Rosie's Diner wants to be a diner for all seasons, for all meals, for all people. And I literally mean all people: Its five-page menu lists more than 100 combined breakfast items, sandwiches, burgers, entrées and salads, most using ingredients from US Foods. This is not counting the seven different french-fry toppings, the 21 items on the kids' menu, or the 17 flavors of shake.

This rush to the middle is reflected in co-owners Abraham Tellez and Ken Hertel's expansion plans: They've got three more Rosie's planned for the Front Range, then for locations near Houston, then a hope of being bought out.

The '50s decor is certainly suited for mass consumption, with repeated sightings of Marilyn Monroe, James Dean and the kids from Grease. Red and black are everywhere, half a fake Cadillac acts as the host stand, and you'll dine to the sonorous tones of "Surfin' Bird."

And if you haven't heard the word, this is the second location of a Monument staple, parked in a new development just north of New Life Church. It's still an underdeveloped commercial area, and probably a smart spot.
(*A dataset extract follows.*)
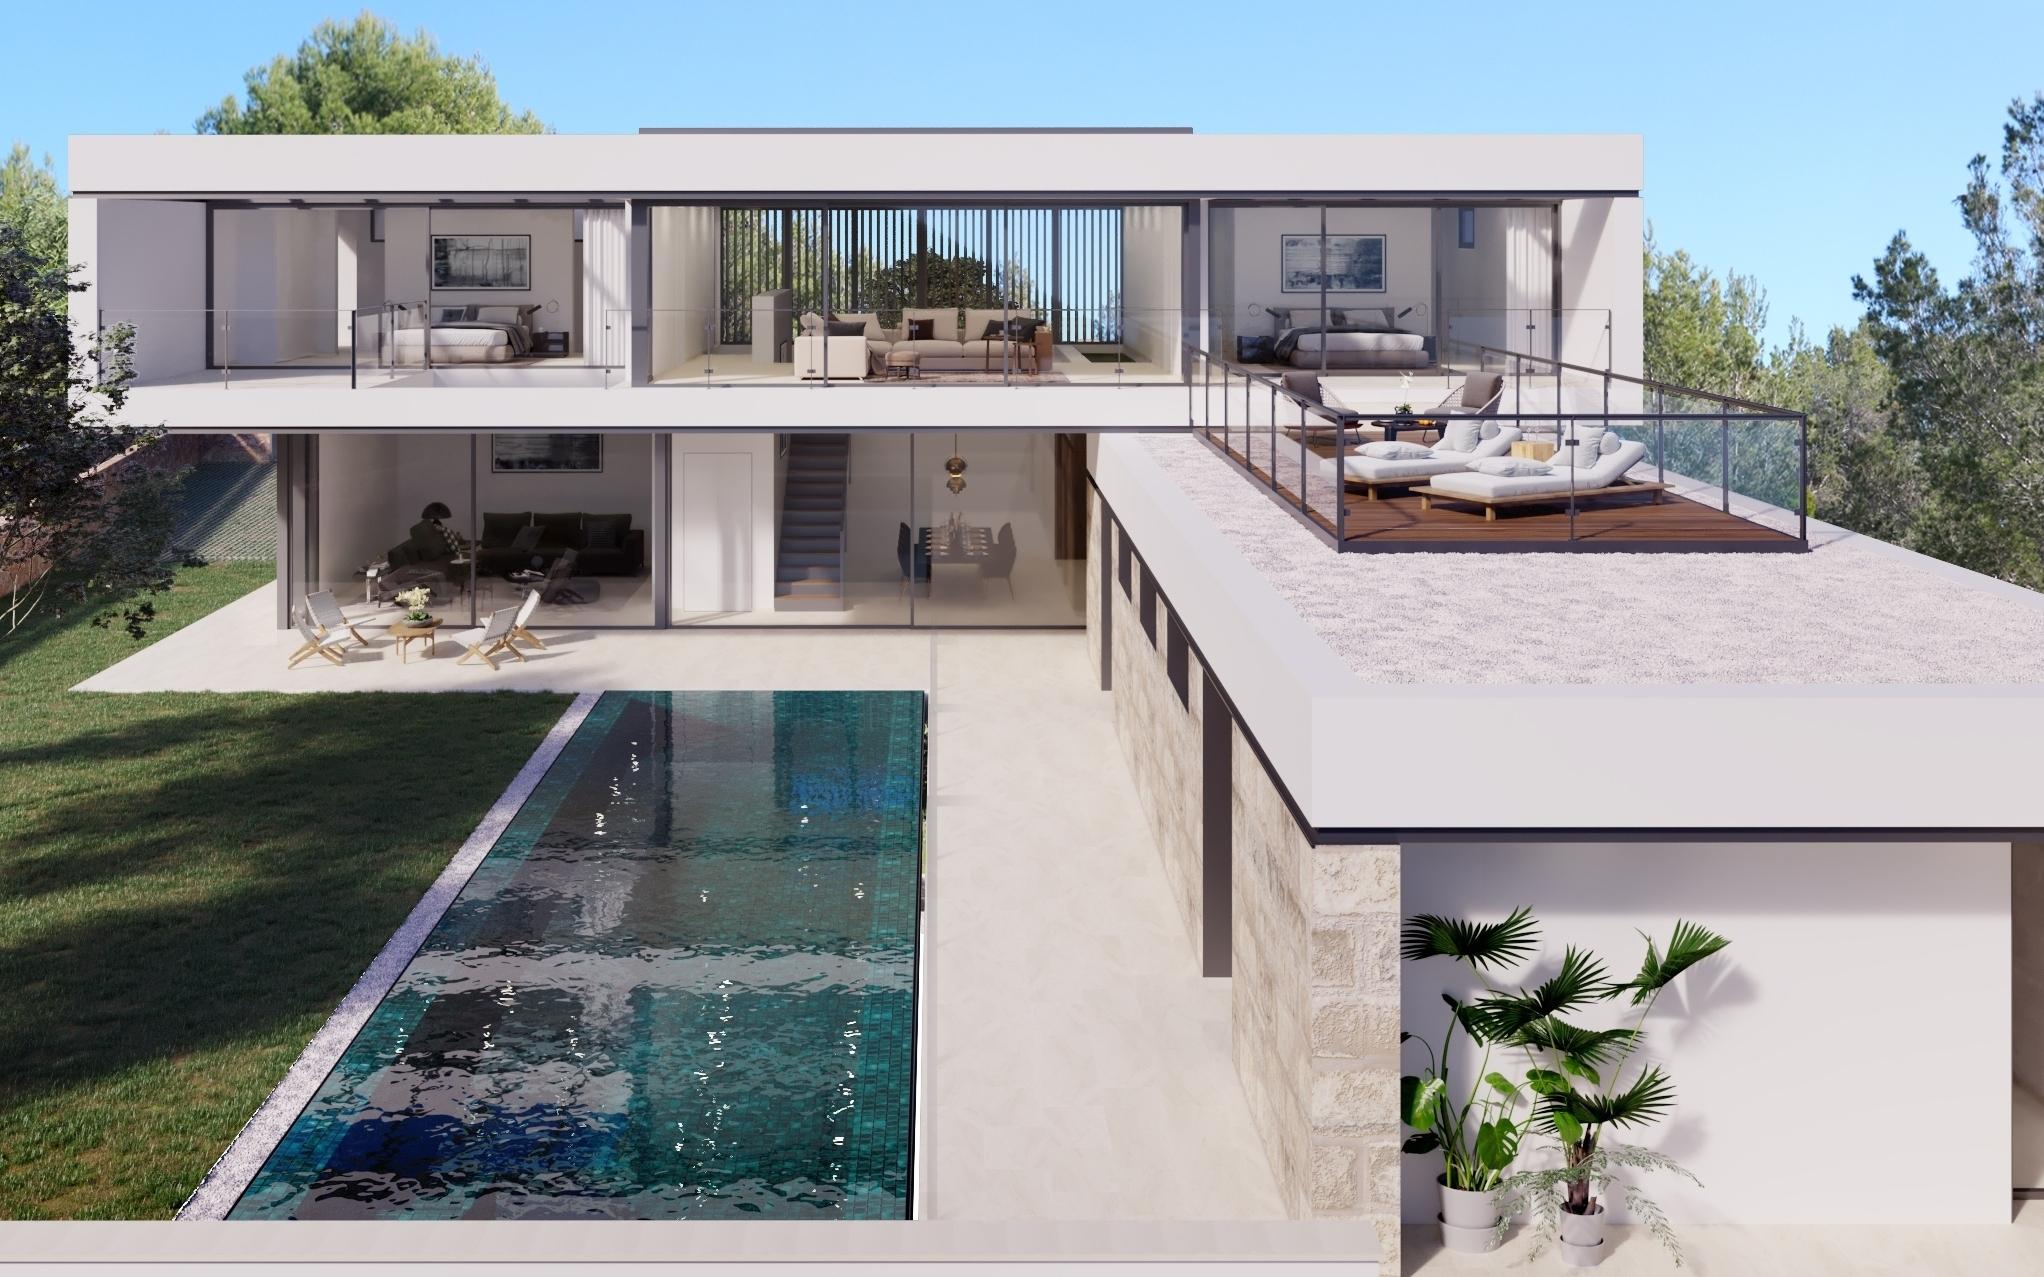 Vivienda Arquitectos Calvia Mallorca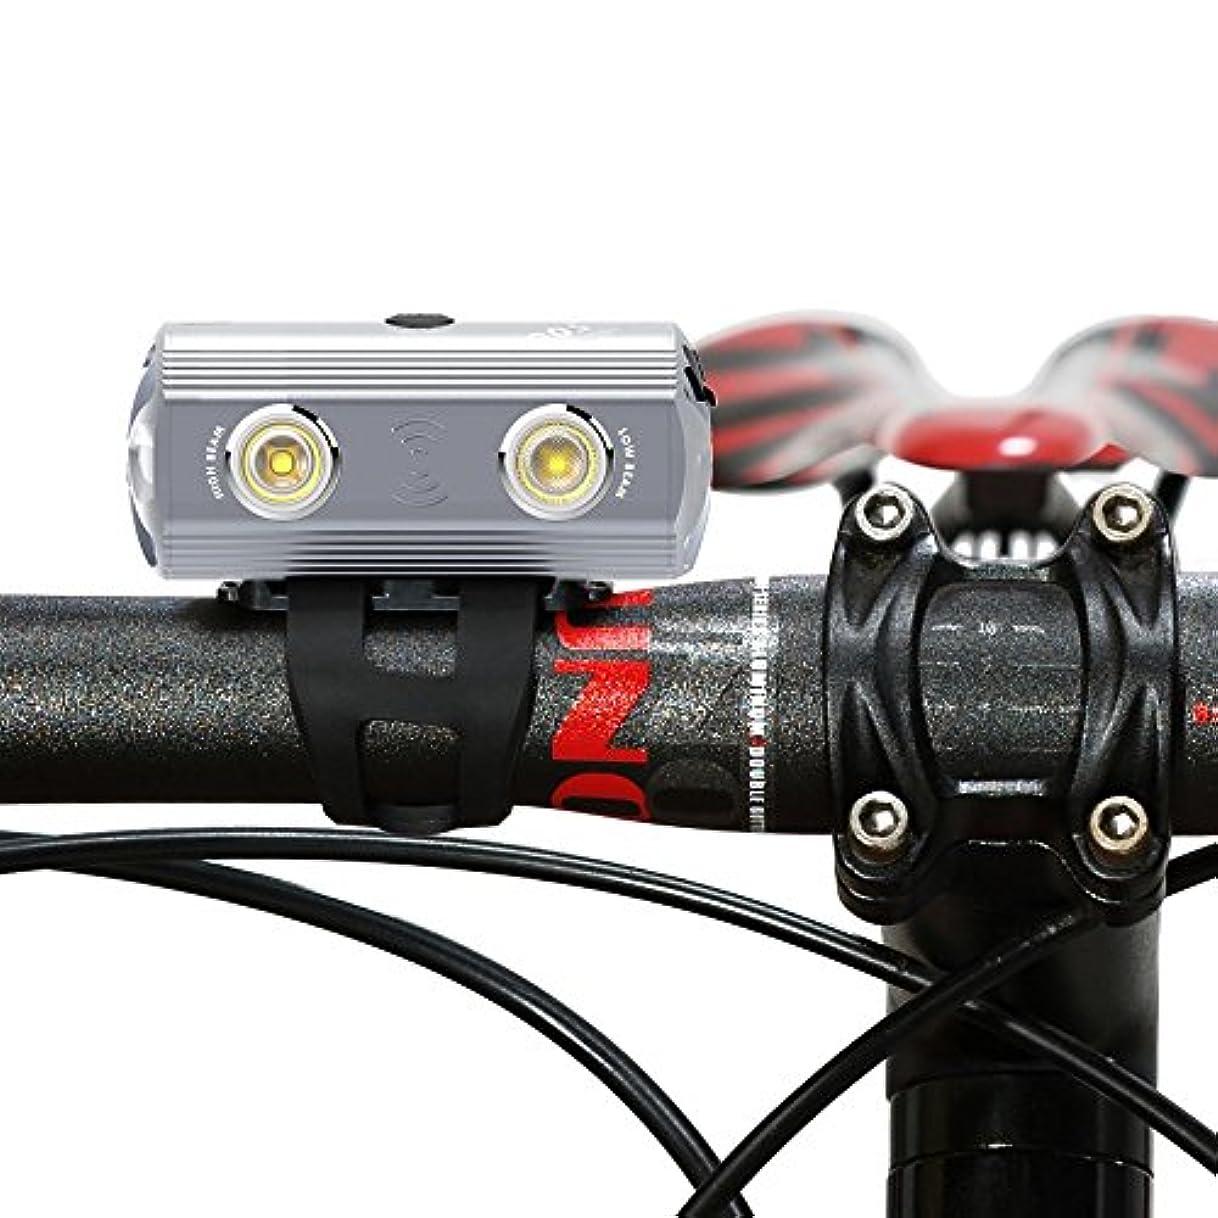 バン分一般的に言えばVOLO URBANEON 500 USB充電式アルミ合金自転車のライト、450ルーメン自転車ヘッドライト、マウンテンバイク用、ロードサイクリング用

Besides a few select dishes, though, location is the best thing going for Rosie's.

The coffee from Elevation Coffee Traders was decent, while appetizers like fried pickles ($4.99) and mozzarella sticks ($5.99) tasted OK. The flaky and buttery chicken quesadilla ($7.99) came off best, though it arrived with a strange, cilantro-laced guacamole that was way more unpleasant to eat than it sounds.

An order of liver and onions ($8.50) prompted this comment: "You're the youngest person I've seen order that." It won't happen again. The meat was dry and chewy, needing every ounce of the gravy and onions to give it life. Good bacon on top, though, and our great server did offer to take the dish off our bill when it lay unfinished.

Moving on, there's so much damn food on the menu that we completely skipped breakfast, soups and salads, bringing us to lunch.

Getting the worst out of the way, the guacamole and jalapeño burger ($8.99) had two serious problems: first, the weird guacamole, and second, a burger patty with such a serious "off" flavor that I retched. It tasted almost like dust. Somehow, the ground beef rebounded fine on the restaurant's rich Texas Toaster ($8.99): patty, bacon, red onion, mayonnaise, lettuce, tomato, pickles and American and Swiss cheese on Texas toast.

We topped one set of fries with an awesome homemade green chile ($1.99 extra), and another with cheese and bacon bits ($1.29), which quickly hardened into one solid piece. Still, the Memphis BBQ chicken burger ($8.99) we paired with those bacon-cheese fries was my favorite meal — moist, messy and tender, and great with both the onion ring and grilled onion toppings.

Besides a Hershey's Syrup-bombed chocolate shake ($3.50, with refill container), we're left with two other entrées. The California Club sandwich ($8.99) offered shaved turkey, mayo, tomato, Swiss cheese and bean sprouts on a grilled croissant, which all worked fine until my mouth found more guacamole. And a fish and chips ($8.99) of three filets of swai (farmed shark catfish) were big and hot, but basically flavorless, with a tendency to crumble instead of flake.

You can understand why expansion-minded entrepreneurs would offer something for everyone. But usually, it's best to leave a few things out.